**Task requirements**. Every word of the data below has to be copied faithfully.

Stored items
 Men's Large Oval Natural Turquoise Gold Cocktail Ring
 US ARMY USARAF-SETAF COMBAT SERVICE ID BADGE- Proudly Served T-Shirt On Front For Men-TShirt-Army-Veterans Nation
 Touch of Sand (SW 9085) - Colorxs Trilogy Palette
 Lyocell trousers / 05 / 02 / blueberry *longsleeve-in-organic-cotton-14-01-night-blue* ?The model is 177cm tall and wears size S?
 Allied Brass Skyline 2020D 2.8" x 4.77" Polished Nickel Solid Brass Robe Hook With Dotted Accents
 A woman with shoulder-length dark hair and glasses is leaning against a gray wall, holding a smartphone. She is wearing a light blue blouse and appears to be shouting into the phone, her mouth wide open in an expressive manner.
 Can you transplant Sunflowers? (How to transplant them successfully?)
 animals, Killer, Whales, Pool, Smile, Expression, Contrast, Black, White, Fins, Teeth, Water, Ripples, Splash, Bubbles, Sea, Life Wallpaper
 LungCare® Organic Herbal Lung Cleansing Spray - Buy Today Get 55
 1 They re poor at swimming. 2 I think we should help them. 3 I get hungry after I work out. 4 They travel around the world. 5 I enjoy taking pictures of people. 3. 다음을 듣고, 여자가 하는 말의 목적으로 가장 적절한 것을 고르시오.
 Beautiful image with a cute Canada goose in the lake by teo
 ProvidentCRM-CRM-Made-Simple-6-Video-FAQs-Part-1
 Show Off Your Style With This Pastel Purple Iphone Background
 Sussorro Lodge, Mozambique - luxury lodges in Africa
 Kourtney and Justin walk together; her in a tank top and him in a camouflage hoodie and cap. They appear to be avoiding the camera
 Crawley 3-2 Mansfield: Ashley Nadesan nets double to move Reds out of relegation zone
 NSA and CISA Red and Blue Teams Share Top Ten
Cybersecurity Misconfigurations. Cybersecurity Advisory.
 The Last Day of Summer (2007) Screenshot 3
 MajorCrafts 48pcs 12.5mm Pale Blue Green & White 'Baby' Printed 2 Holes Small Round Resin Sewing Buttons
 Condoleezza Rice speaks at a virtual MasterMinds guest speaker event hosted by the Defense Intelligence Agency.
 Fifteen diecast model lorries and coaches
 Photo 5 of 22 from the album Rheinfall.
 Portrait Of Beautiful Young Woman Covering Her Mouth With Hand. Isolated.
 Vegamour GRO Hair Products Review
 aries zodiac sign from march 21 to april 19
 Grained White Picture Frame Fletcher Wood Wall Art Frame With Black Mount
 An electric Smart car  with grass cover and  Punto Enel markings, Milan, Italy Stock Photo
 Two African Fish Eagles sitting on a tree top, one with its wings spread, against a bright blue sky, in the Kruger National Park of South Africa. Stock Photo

**Response box**.
 Men's Large Oval Natural Turquoise Gold Cocktail Ring
 US ARMY USARAF-SETAF COMBAT SERVICE ID BADGE- Proudly Served T-Shirt On Front For Men-TShirt-Army-Veterans Nation
 Touch of Sand (SW 9085) - Colorxs Trilogy Palette
 Lyocell trousers / 05 / 02 / blueberry *longsleeve-in-organic-cotton-14-01-night-blue* ?The model is 177cm tall and wears size S?
 Allied Brass Skyline 2020D 2.8" x 4.77" Polished Nickel Solid Brass Robe Hook With Dotted Accents
 A woman with shoulder-length dark hair and glasses is leaning against a gray wall, holding a smartphone. She is wearing a light blue blouse and appears to be shouting into the phone, her mouth wide open in an expressive manner.
 Can you transplant Sunflowers? (How to transplant them successfully?)
 animals, Killer, Whales, Pool, Smile, Expression, Contrast, Black, White, Fins, Teeth, Water, Ripples, Splash, Bubbles, Sea, Life Wallpaper
 LungCare® Organic Herbal Lung Cleansing Spray - Buy Today Get 55
 1 They re poor at swimming. 2 I think we should help them. 3 I get hungry after I work out. 4 They travel around the world. 5 I enjoy taking pictures of people. 3. 다음을 듣고, 여자가 하는 말의 목적으로 가장 적절한 것을 고르시오.
 Beautiful image with a cute Canada goose in the lake by teo
 ProvidentCRM-CRM-Made-Simple-6-Video-FAQs-Part-1
 Show Off Your Style With This Pastel Purple Iphone Background
 Sussorro Lodge, Mozambique - luxury lodges in Africa
 Kourtney and Justin walk together; her in a tank top and him in a camouflage hoodie and cap. They appear to be avoiding the camera
 Crawley 3-2 Mansfield: Ashley Nadesan nets double to move Reds out of relegation zone
 NSA and CISA Red and Blue Teams Share Top Ten
Cybersecurity Misconfigurations. Cybersecurity Advisory.
 The Last Day of Summer (2007) Screenshot 3
 MajorCrafts 48pcs 12.5mm Pale Blue Green & White 'Baby' Printed 2 Holes Small Round Resin Sewing Buttons
 Condoleezza Rice speaks at a virtual MasterMinds guest speaker event hosted by the Defense Intelligence Agency.
 Fifteen diecast model lorries and coaches
 Photo 5 of 22 from the album Rheinfall.
 Portrait Of Beautiful Young Woman Covering Her Mouth With Hand. Isolated.
 Vegamour GRO Hair Products Review
 aries zodiac sign from march 21 to april 19
 Grained White Picture Frame Fletcher Wood Wall Art Frame With Black Mount
 An electric Smart car  with grass cover and  Punto Enel markings, Milan, Italy Stock Photo
 Two African Fish Eagles sitting on a tree top, one with its wings spread, against a bright blue sky, in the Kruger National Park of South Africa. Stock Photo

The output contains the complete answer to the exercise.